A Warning for the Modern Era
The ultimate payoff of Krishnan's experiment is a prediction for the present. With current warming rates sitting in the top 10% of the Phanerozoic record, the same mechanism that homogenized ancient seas should be active today. Krishnan posits, "If this theory is right, marine ecosystems today should be losing their regional distinctiveness and converging on a narrower job menu." The data already shows that "suspension feeders" are expanding while "mobile predators" are shrinking during volatile periods.
This is not a neutral observation. It suggests that the rich tapestry of global marine life is being stripped away, replaced by a resilient but impoverished baseline of survival. Krishnan connects this back to his son's question about the Spinosaurus, noting that while he still doesn't have a perfect answer for the sail, he can now explain that the Cretaceous oceans were "converging on a limited menu of ecological jobs." The implication for the modern world is stark: we are not just losing species; we are losing the diversity of function that makes ecosystems robust.
"When in volatile climates the entire job portfolio homogenizes across regions regardless of which specific jobs expand or contract."

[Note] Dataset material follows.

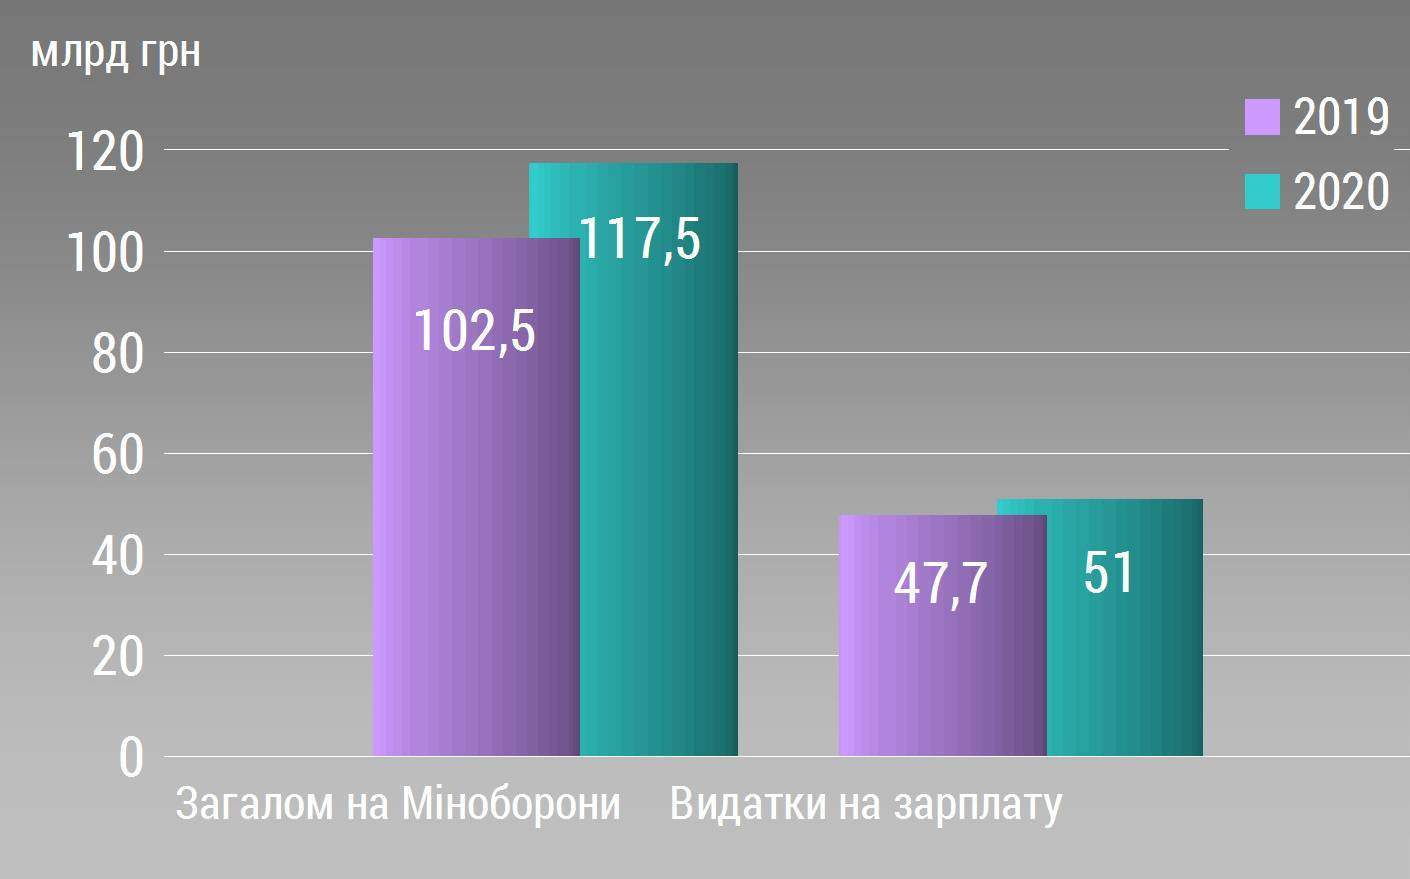 Практическое задание по теме Аналіз показників Державного бюджету України за 2008-2022 роки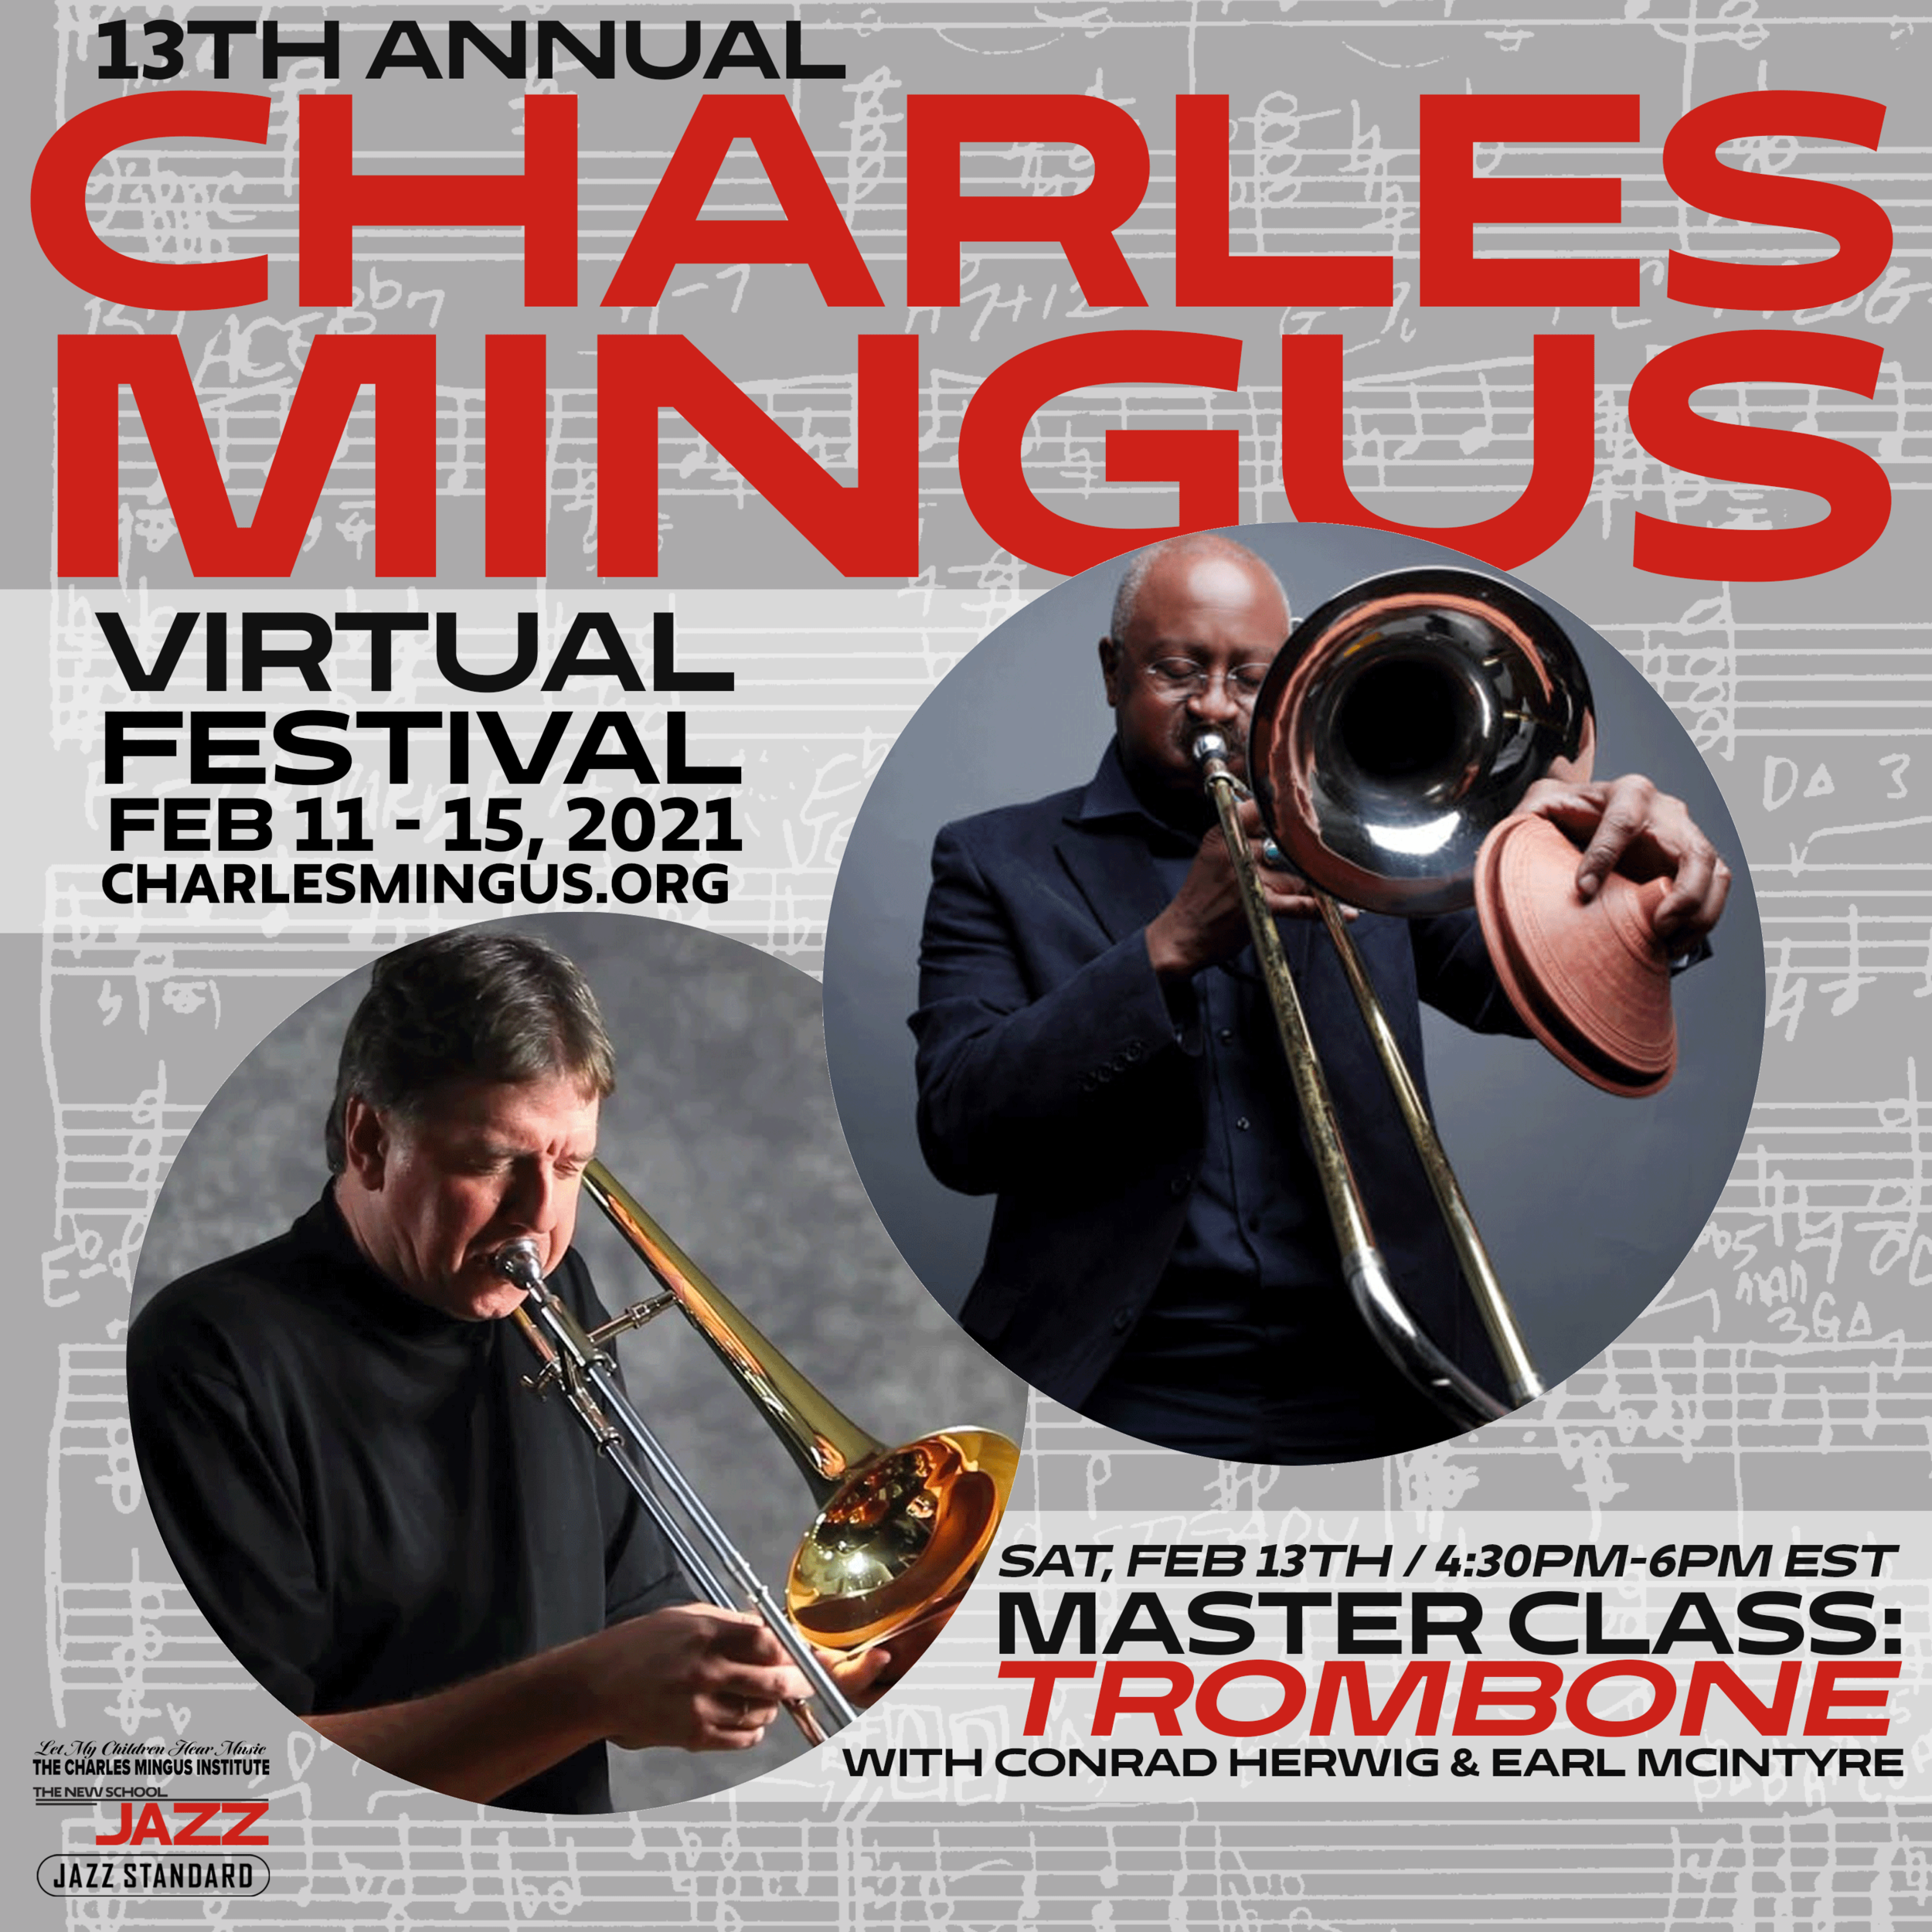 Mingus Fest 2021 / MASTER CLASS: Trombone

A counterargument worth considering is whether modern human intervention—such as fishing quotas or marine protected areas—could break this natural cycle. Krishnan's model assumes natural volatility, but the current crisis is anthropogenic and accelerating. If the "floor" of similarity is rising too fast, the entrenched incumbents of the Cenozoic may not have time to adapt, leading to a collapse rather than a convergence. The "liquid markets" analogy Krishnan uses for economics holds here: if the market is too choppy, nothing emerges at all.
Bottom Line
Krishnan's "vibe science" experiment succeeds not because it provides a final answer, but because it demonstrates a new way to ask questions of the deep past using modern tools. The strongest part of the argument is the identification of a "floor" for ecosystem similarity under stress, a non-obvious pattern that challenges standard evolutionary narratives. Its biggest vulnerability lies in the uneven quality of the fossil record and the current limitations of AI agents to handle truly exploratory research without human intervention. Readers should watch for the next phase of this work: testing whether the predicted convergence is already visible in modern marine data, a signal that would confirm we are entering a new, less diverse epoch of Earth's history.